【愛しの美香】 15 美香と陸上競技
10日ほど経った 早朝である
ふと見たら 美香かスニーカーをはいている このところ毎朝でかける美香だ
「美香、 どこに行くんや!」
「おじさん あたい 走りたいねん 公園までいくねん」
「あほか あかん! おっさんに つかまったらどないすんのや それにパンツまで見えそうな短いの履いて・・男がウジャウジャついてくるがな!」
「立夫が𠮟りつけると これ、おじさんが買ってくれたんやで」と 何言うてるの? みたいな顔して舌出した
「さくらが起きてきて まあええやないの すぐ帰ってきたらええやんか」美香に味方して 許可出した
「8時に帰っておいで 美香ちゃん」
時計見たら まだ6時 ・・
今日は神奈川の 施設に3人で行く予定しているのだ 美香が おばちゃんという、目撃者探しだ
あれから施設のことをいろいろ調べているが
おばちゃんというだけで 雲をつかむような話だったが これが唯一の目撃者であり 手がかりになるので 立夫も懸命だった。
「おじさん 美香ちゃん ワリとしっかりしてるから 心配ないよ」
立夫は さくらの言葉を遮るように 飛び出そうとする美香を呼び止めた
「俺も行くよ」
立夫は本当を言えば 美香と知り合って一か月・・
漠然としたものだが 美香が 走るということに 【目覚め】てから
不安に駆られるのだ 美香を外の世界にもっていかれるという不安だ
「俺も行くよ」
一緒に走ろう!という 言葉が立夫の口から自然に出た
「えっ?」美香が目を丸くした。
「ほんまに? 一緒に走ってくれるん?」
「アホのおまえ一人で出歩かせるわけにはいかん。
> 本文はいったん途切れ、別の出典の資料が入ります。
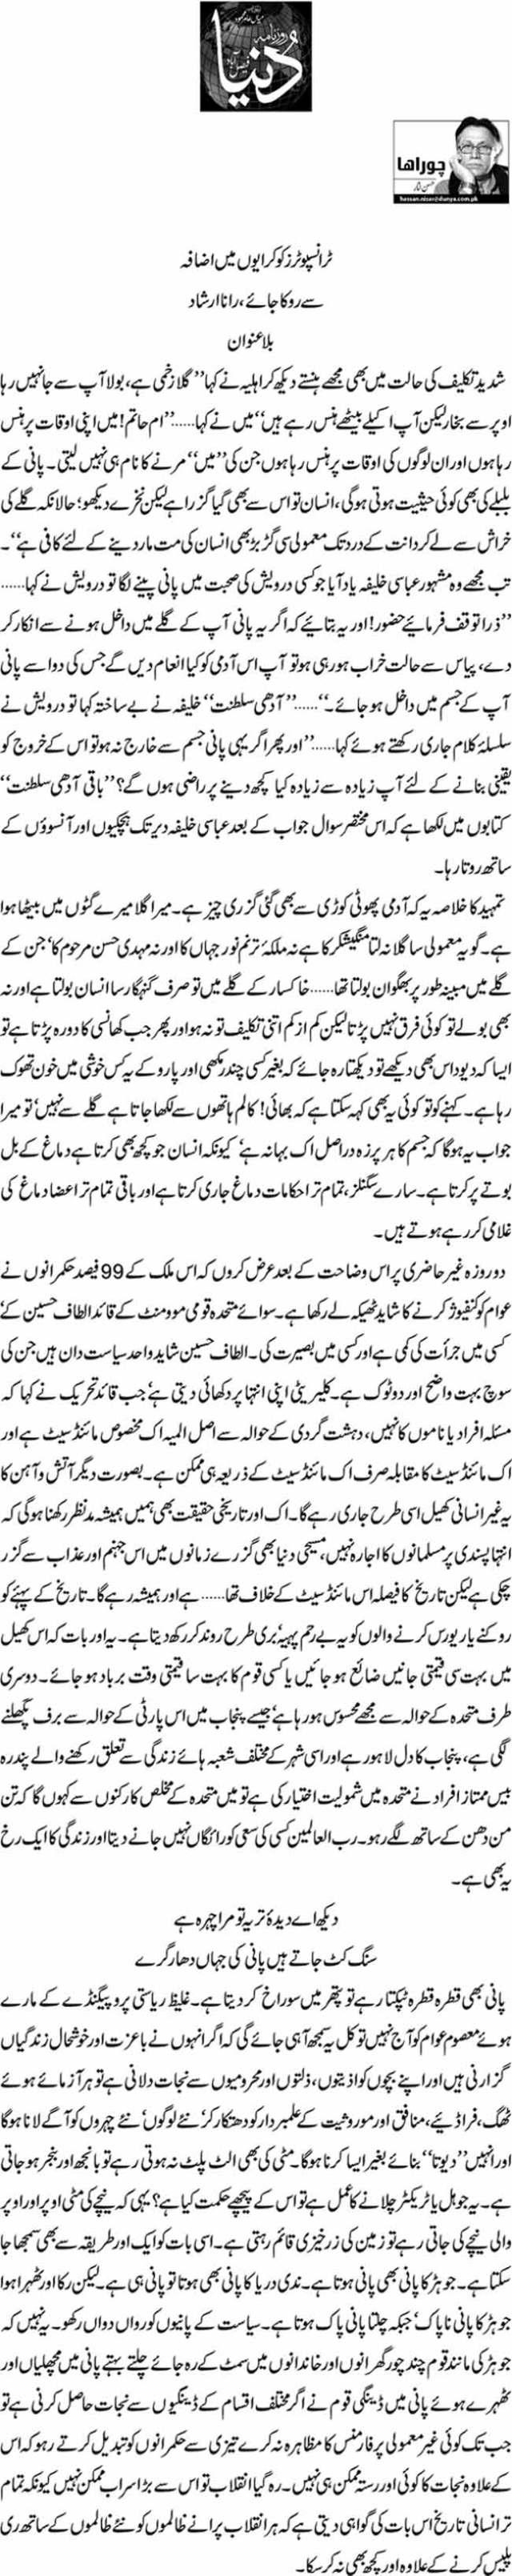 Bila unwan - Hassan Nisar

(笑)
外で何があるかわからんからな。俺がついて行くのや」
美香はパッと顔を明るくし、スニーカーの踵を踏んで立ち上がった。
「やったあ! おじさんとアホの私と勝負や!」
「勝負ちゃう。おまえの監視や」 立夫はジャージを着つつ、低い声で釘を刺した。
「アホの私と勝てるん?」
美香は子どもっぽい挑発をして、笑いこけ わざと軽快にジャンプしてみせる。
立夫は苦々しく口を結んだ。
「俺の足はもう昔みたいには動かんが 中学 高校の時は体育祭で走ったもんやで!
と 半ば やけくそ気味・・
ほんまあ?と 美香は 俺を嘲笑うような目をしてやがる
「よし、行くぞ!」
マンションを出ると朝の冷たい9月の空気が一気に流れ込んできた。
美香はすでに走り出す体勢をとっていた。白いタンクトップのふくよかな胸 デニムの真っ赤なマイクロパンツ・・そこから伸びる豊かな肢体がまぶしい・・
「おじさん、準備いい? スタートはあたいが決めるで!」
立夫の胸に、かすかな緊張が走った。
走ること自体よりも、この先に何が待っているのか――その予感が心をざわつかせていた。
「よーい、どん!」
美香が掛け声とともに勢いよく走り出した。
「おい、待て!」
立夫も慌てて追いかける。
息はすぐに荒くなり、脚に重さがのしかかる。
――くそっ、ガキの速さやない……。
美香は髪を揺らしながら軽快に走り、振り返っては笑う。
「おじさん、遅ーい!」
間もなく 公園につき そのときだった。前方の並木道の影から、ひとりの男が姿を現した。
背が高く、スポーツウェア姿。この前、さくらが話した“おっさん”だったのだ
男は穏やかな笑顔を浮かべ、美香に手を振った。
「おはよう、また会ったね。今日も走ってるんだね」
美香がピタリと立ち止まった。
「おじさん! この前のおっさんや!」
立夫の心臓が一気に跳ね上がる。
(やっぱり来やがったか! 尾けてきとったんか!)
男は距離を保ったまま、落ち着いた声で言った。
「君、ほんとに速いなあ。……その人がお父さんかな?」
立夫のこめかみに血が上る。
「なんや、お前は!」
「これは失礼・・」
30代なかばか・・長身の男は少しだけ首を傾け、ポケットから何かを取り出しかけた。
手帳のように見えたが それは名刺入れだった
美香がきょとんとした顔で立夫を見上げた。